- _PROBLEM REQUIREMENTS_
Beneath this task are records; tally the lines in them that contain "Stock" and report only the number.

- _Records from a data collection_
Content starts

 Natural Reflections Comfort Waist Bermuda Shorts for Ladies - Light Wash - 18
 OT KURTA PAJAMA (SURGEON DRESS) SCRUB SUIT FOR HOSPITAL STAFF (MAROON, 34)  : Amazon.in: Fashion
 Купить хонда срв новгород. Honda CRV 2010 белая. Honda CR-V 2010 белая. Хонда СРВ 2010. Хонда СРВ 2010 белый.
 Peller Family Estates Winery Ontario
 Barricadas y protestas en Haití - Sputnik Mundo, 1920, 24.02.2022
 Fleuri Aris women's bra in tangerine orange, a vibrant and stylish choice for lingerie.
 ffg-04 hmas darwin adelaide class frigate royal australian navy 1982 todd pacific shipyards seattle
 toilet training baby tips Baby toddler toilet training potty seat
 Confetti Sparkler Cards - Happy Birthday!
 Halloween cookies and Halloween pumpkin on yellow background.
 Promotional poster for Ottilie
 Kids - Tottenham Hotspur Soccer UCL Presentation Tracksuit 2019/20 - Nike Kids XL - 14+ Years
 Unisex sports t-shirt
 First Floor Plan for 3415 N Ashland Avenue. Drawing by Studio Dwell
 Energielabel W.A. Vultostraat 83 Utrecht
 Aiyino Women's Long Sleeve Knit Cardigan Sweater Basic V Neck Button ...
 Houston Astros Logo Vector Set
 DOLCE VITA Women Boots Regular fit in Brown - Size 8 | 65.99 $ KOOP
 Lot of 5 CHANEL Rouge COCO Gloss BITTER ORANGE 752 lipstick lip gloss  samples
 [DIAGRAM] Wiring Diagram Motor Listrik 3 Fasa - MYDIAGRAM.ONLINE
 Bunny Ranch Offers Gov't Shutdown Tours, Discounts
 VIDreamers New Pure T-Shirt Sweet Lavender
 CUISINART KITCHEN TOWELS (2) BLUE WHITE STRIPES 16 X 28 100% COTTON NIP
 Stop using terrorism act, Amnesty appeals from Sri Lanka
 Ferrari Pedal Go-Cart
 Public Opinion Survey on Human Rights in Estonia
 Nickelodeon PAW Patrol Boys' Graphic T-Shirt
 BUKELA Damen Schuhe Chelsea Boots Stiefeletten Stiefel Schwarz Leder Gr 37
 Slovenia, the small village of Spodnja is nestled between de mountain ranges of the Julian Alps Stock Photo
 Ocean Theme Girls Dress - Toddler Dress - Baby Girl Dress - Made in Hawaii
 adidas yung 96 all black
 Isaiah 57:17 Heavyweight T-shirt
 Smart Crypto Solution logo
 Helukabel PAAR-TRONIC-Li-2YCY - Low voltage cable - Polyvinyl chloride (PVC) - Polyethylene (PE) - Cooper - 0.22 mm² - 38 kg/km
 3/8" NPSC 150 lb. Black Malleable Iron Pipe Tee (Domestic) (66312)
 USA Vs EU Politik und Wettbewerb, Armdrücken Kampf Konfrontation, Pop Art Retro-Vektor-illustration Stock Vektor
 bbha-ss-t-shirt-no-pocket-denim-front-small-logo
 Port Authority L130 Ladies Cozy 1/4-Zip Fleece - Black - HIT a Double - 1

Content ends

- _SOLVED EXERCISE_
2